Dr. Ganchrow eventually threw out the letter — something he regrets now — but that “what if” that it represented ignited his imagination.
And so, now, one memoir and four books of Torah talks later — those last four books hold essays that he has collected, not written — Dr. Ganchrow has done a great deal of research and written a novel based on that letter.
“If you are writing a biography, that’s one thing, but it’s different writing a novel,” he said. “I decided to give it a whirl — but how do you put together a plot that would be interesting?”
He decided to base it on the range of his experiences, and have the main character be someone like him — if his own choices had been entirely different.
Dr. Ganchrow’s protagonist is a childless, unmarried young doctor whose parents divorced, whose mother remarried, and whose new stepfather changed the boy’s Jewish surname to a non-Jewish one, thus allowing him to pass as gentile.

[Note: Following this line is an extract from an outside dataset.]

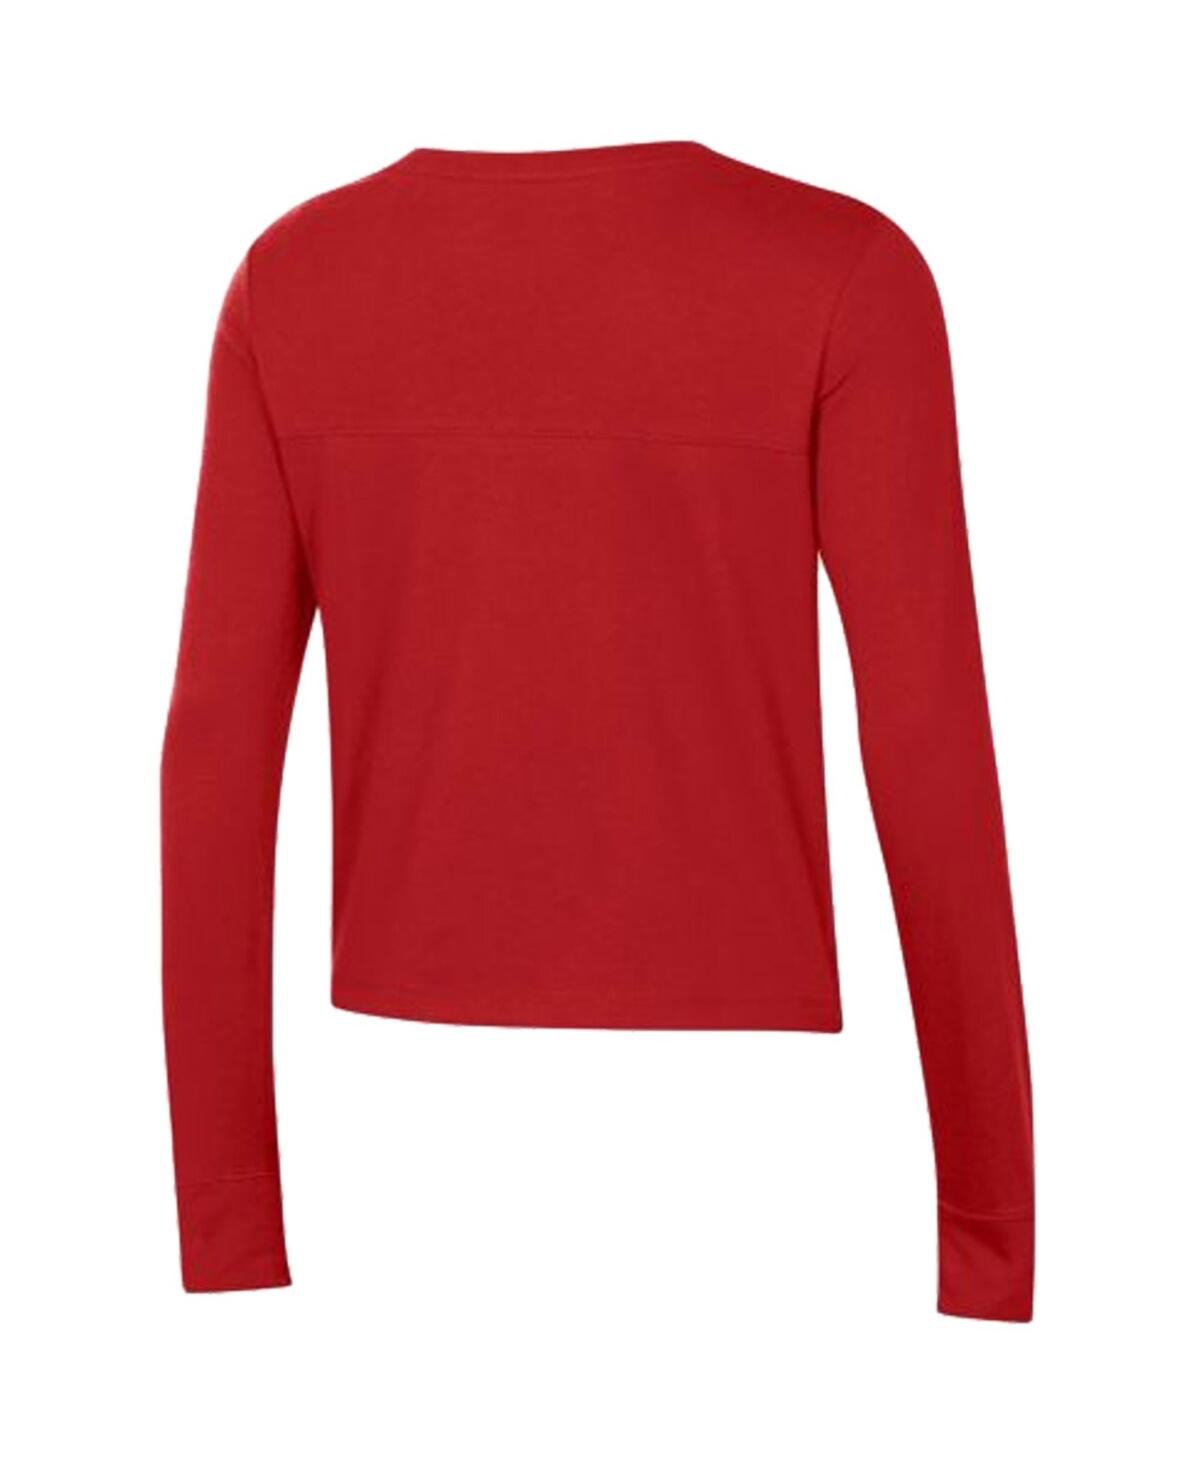 Shop Under Armour Women's  Red Wisconsin Badgers Vault Cropped Long Sleeve T-shirt

This protagonist — Rob Savarin, ne Goldberger — gets the same letter Dr. Ganchrow got, and decides to follow up on it, but not before getting in touch with the Mossad and finding out how he could use his position in Saudi Arabia to help Israel and world Jewry.
A complicated plot takes Dr. Savarin through a range of adventures, putting him close to the Saudi king, giving him a satisfactorily if belatedly fulfilled romance, and allowing him to change the course of world history by causing Israel and Saudi Arabia, as well as other parts of the Sunni world, to realign by making common cause against Iran. Dr. Ganchrow’s extensive work in Israel and with Israeli and American diplomats gives him the opportunity to make it sound plausible, because he knows what he’s talking about. There even is a father-son reconciliation.
So what is Dr. Ganchrow going to do next? Probably not write another novel. “My wife says she will divorce me if I try that,” he said. But he’s done enough unexpected things —when he was in medical school, he got a red card that allowed him into fire zones as a surgeon, thus, he said, impressing some of his dates, and that’s just one of many exploits — to know that his next venture isn’t necessarily predictable either.
Dr. Ganchrow will be at a book signing in Fort Lee this week and in the JCC Rockland next month.
Who: Dr. Mendy Ganchrow
What: Will talk about his book and sign copies
Where: At the Young Israel of Fort Lee at 1610 Parker Ave
When: On Wednesday, October 18, at 7:45 p.m.
For more information: Go to www.yiftlee.org.
AND HE ALSO WILL BE
Where: At the JCC Rockland at 450 W. Nyack Road in West Nyack, N.Y., as part of the JCC’s Arts, Books, and Culture series.
When: On Sunday, November 19, at 7 p.m.
What else: There will be wine and cheese; it costs $18 in advance, $25 on Sunday. A book is included; $10 of each ticket will be donated to Leket, which works to alleviate hunger in Israel.